I had a friend who had a son like this. She began taking him home for lunch and it worked. Then my (now18 year old) son didn't like school either to start with (had been fine in nursery school but that was only a morning) so I tried it too and it worked a dream. We then eased him into staying for lunch by my joining the 'lunchtime team' for a couple of weeks. He made some friends and I reduced to a visit with the lunchbox at the beginning. Then he told me he wanted to take his lunchbox in by himself. All over in 5 weeks - the school advised me and helped so all credit to them too.

Ineedmorepatience Tue 29-Jan-13 21:36:38

Great news jackster, that is very positivesmile

alicatte, what a sensible approach to helping a child settle into full time school.

The school my Dd3 now goes to uses a lot of common sense strategies.

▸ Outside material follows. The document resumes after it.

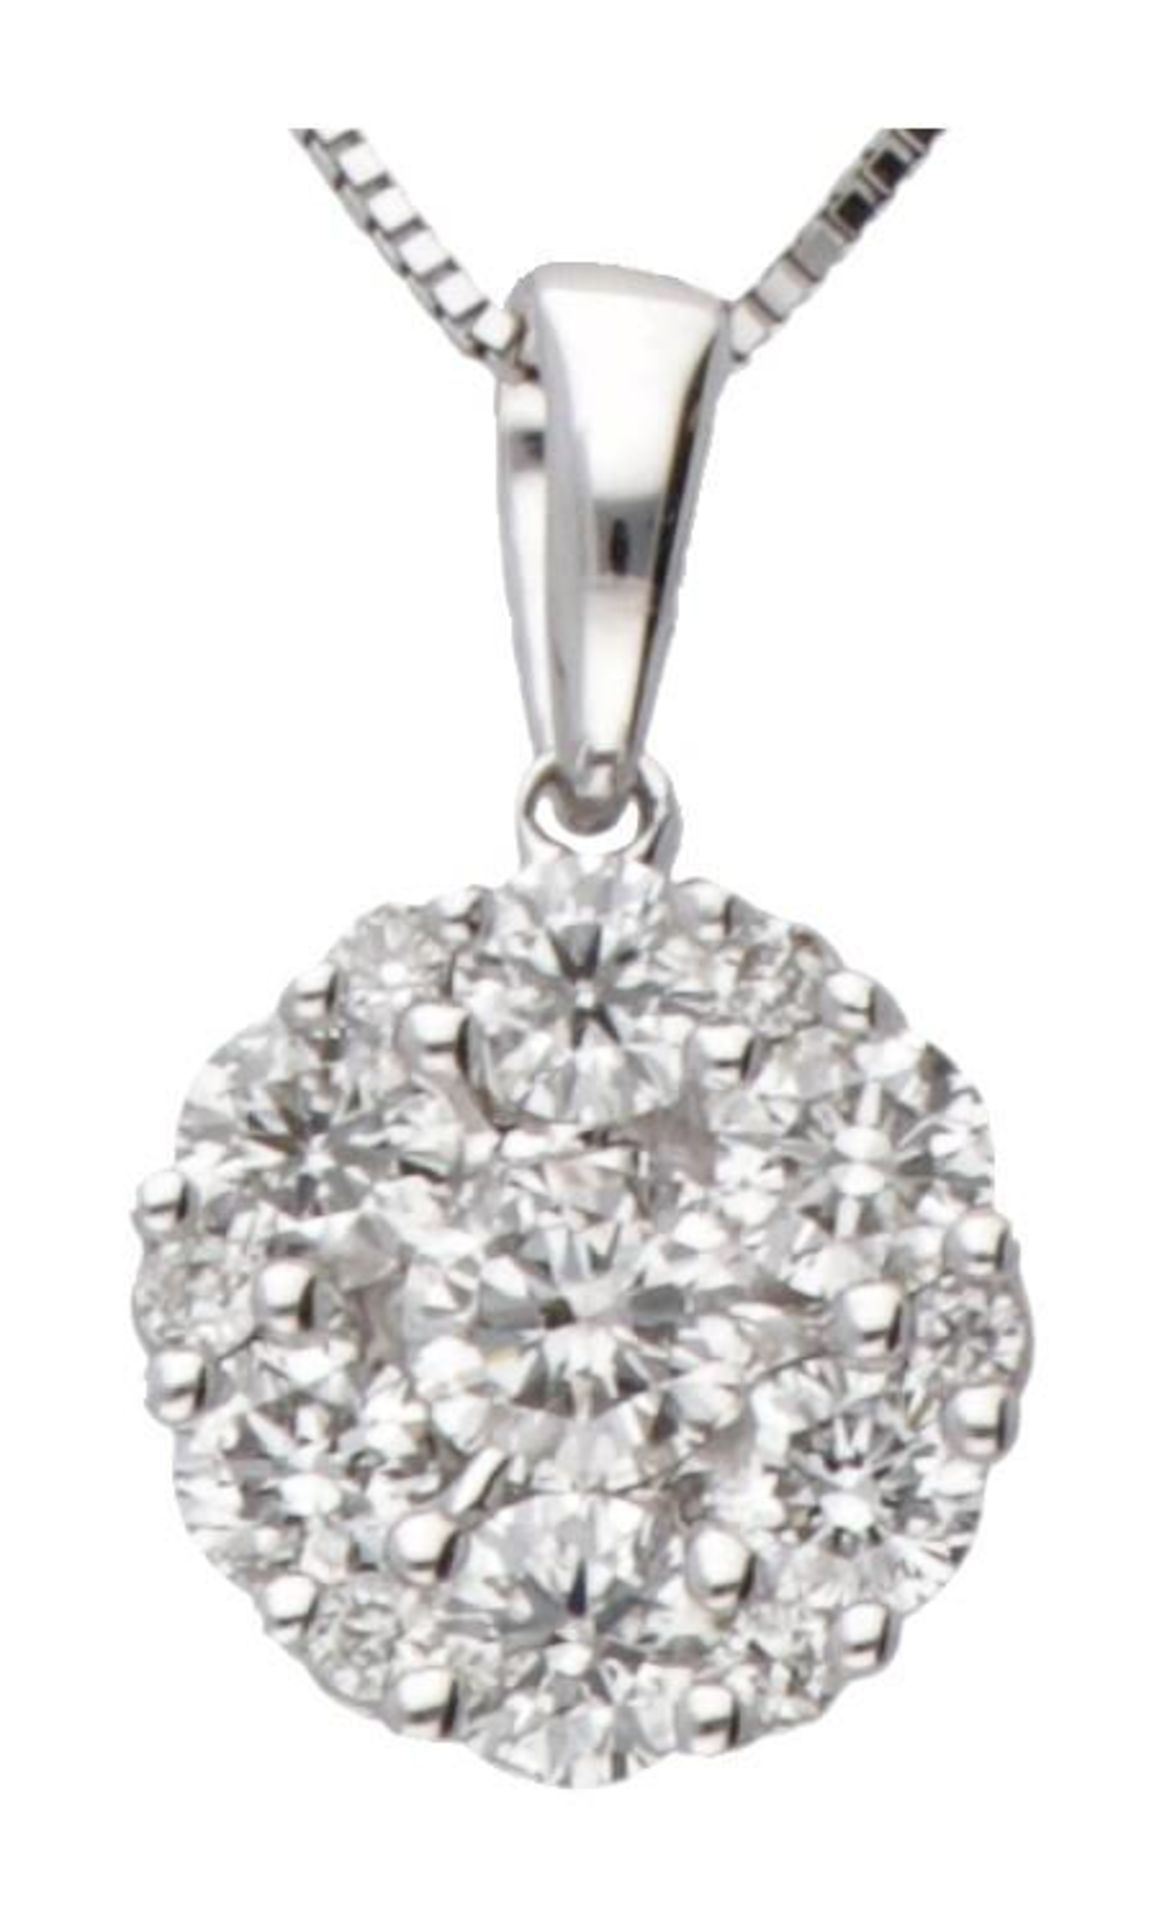 14K. White gold necklace with cluster pendant set with approx. 0.50 ct. diamond. - Image 3 of 6

Sadly her old school was a dictatorship and common sense was rarely appliedconfused

Jacksterbear Wed 30-Jan-13 14:23:05

The "What to do..." book arrived this morning and I've just flicked through it myself while DS is at school and DD is sleeping. My initial reaction is that it's not all that relevant to DS because I'm not so sure that he actually does spend time worrying about stuff. I think he rather reacts to stuff as it happens and doesn't really know why he does. His anxiety manifests itself in hysterical tantrums etc rather than in spending time brooding and thinking about things that worry him. (Unlike me - I am the ultimate obsessive worrier!) Does this make sense to anyone else??! confused I will give the book a try with him anyway, to see if he recognises himself in it.

Ineedmore and alicatte good to see some positive stories! smile

BeaWheesht Wed 30-Jan-13 14:28:16

I just wanted to say well done to you all. I was very anxious as a child - primarily because of a series of traumatic events. No-one in the early 90s really acknowledged mental health issues ime and certainly not in kids and as much as my mum supported me I vividly remember beig old off if I cried or if I showed my anxiety - by teachers and parents. It was so hard and I'm so relieved to see that all of your kids have more understanding in their lives. grin

Jacksterbear Fri 01-Feb-13 20:06:56

Thanks Bea smile

Hope everybody has a good weekend. Things with DS have been, on the whole, good this week. Not a miracle cure but big improvements.